T. J. K. Gibbs, M. Boomhoff, N. C. O. Tomkinson, Synlett, 2007,1573-1575.
A class of axially chiral pyridoxamines bearing a lateral amine arm exhibited high catalytic activity and excellent enantioselectivity in asymmetric transamination of α-keto acids, to give various α-amino acids in very good yields and with high ee's. The lateral amine arm likely participates in cooperative catalysis as the Lys residue does in biological transamination and enhances both the activity and the enantioselectivity.

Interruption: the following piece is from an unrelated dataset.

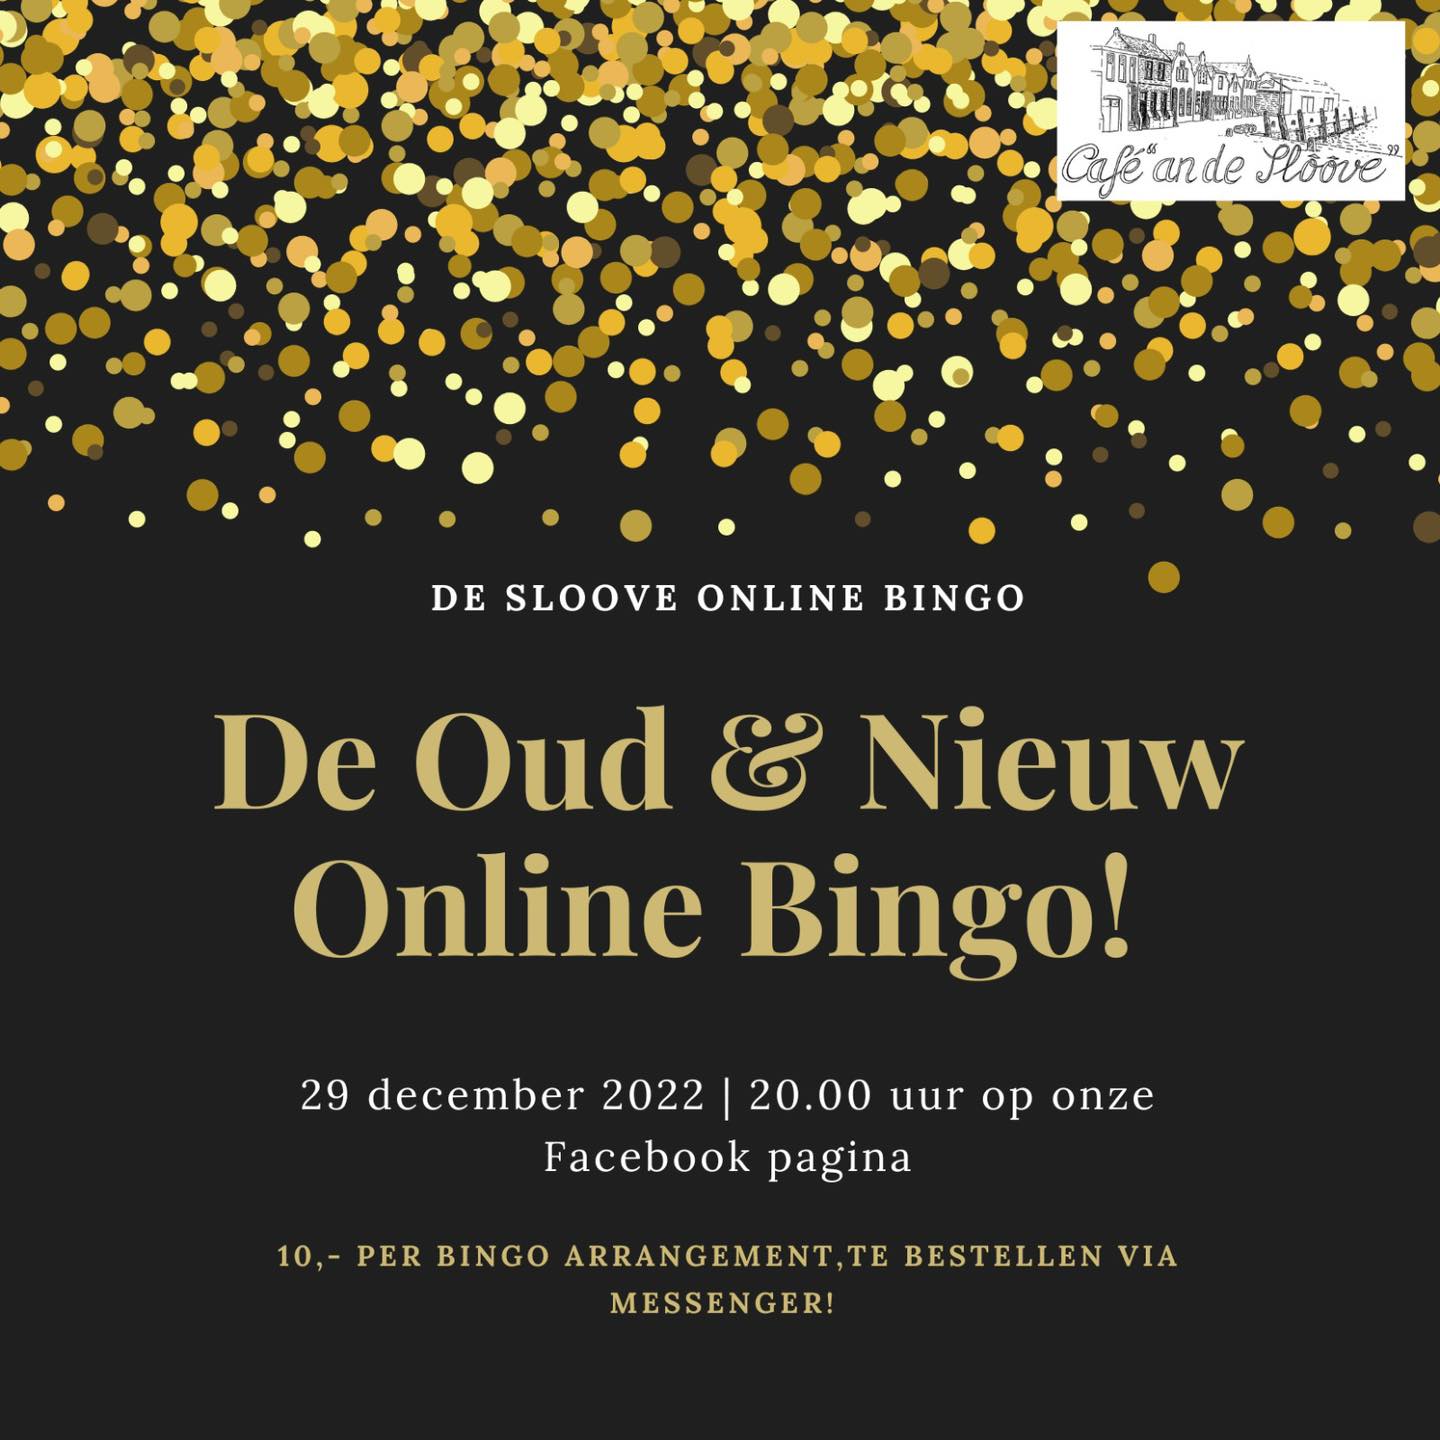 Oud & Nieuw Online Bingo donderdag 29 december 20.00!

Y. E. Liu, Z. Lu, B. Li, J. Tian, F. Liu, J. Zhao, C. Hou, Y. Li, L. Niu, B. Zhao, J. Am. Chem. Soc., 2016, 138, 10730-10733.
Iron catalyzes an oxidative coupling approach for α-amination of ketones with free sulfonamides, without the need for prefunctionalization of either substrate. Primary and secondary sulfonamides are both competent coupling partners.
F. Song, S. H. Park, C. Wu, A. E. Strom, J. Org. Chem., 2023, 88, 3353-3358.
In the presence of catalytic copper(II) bromide, a direct α-amination of ketones, esters, and aldehydes takes place to produce synthetically useful α-amino-substituted motifs. The transformation is proposed to proceed via a catalytically generated α-bromo carbonyl species followed by nucleophilic displacement of the bromide by the amine, which delivers the α-amino carbonyl adduct while the catalyst is reconstituted.
R. W. Evans. J. R. Zbieg, S. Wu, W. Li, D. W. C. MacMillan, J. Am. Chem. Soc., 2013, 135, 16074-16077.
The use of visible light and a silane reductant enables a carbonyl alkylative amination reaction that combines a wide range of primary amines, α-ketoesters, and alkyl iodides to form functionally diverse all-alkyl α-tertiary amino esters. A Brønsted acid-mediated formation of a ketiminium species is followed by rapid 1,2-addition of an alkyl radical (generated from an alkyl iodide).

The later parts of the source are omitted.